### YOUR TASK
Lines, not repeats, are what count: give the number of lines below that hold "avec", and nothing more.

Items from a dataset
·····
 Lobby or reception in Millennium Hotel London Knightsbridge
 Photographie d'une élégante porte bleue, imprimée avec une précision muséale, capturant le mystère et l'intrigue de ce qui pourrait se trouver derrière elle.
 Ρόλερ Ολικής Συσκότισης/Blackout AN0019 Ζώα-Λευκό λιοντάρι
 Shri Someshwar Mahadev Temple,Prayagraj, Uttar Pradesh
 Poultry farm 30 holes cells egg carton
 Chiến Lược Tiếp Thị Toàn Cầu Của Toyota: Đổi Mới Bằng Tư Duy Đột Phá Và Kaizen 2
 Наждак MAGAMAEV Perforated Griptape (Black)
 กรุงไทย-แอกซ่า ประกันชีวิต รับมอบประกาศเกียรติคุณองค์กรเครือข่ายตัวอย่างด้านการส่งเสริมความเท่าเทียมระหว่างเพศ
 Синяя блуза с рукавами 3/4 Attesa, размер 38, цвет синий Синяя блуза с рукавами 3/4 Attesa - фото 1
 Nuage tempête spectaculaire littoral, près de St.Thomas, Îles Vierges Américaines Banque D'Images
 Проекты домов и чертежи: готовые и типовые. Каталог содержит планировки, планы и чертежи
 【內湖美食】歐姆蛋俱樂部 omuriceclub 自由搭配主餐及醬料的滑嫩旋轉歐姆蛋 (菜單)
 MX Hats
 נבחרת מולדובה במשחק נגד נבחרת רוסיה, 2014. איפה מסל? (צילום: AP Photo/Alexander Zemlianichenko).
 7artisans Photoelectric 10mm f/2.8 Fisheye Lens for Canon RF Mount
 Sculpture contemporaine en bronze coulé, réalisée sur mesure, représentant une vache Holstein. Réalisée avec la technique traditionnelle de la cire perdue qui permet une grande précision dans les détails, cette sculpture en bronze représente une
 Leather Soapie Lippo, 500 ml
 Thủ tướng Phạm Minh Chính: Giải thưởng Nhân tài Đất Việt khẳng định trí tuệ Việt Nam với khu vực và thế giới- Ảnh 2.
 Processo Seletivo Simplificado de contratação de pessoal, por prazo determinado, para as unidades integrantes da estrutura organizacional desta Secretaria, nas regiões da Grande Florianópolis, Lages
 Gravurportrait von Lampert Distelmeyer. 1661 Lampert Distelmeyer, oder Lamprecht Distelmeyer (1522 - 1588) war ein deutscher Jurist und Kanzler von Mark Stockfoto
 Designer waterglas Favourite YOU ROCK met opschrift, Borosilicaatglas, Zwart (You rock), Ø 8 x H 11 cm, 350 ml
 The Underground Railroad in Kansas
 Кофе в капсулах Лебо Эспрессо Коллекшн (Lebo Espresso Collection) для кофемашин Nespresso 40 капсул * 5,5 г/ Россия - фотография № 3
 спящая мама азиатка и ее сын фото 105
·····
### OUTPUT FOR THIS TASK
2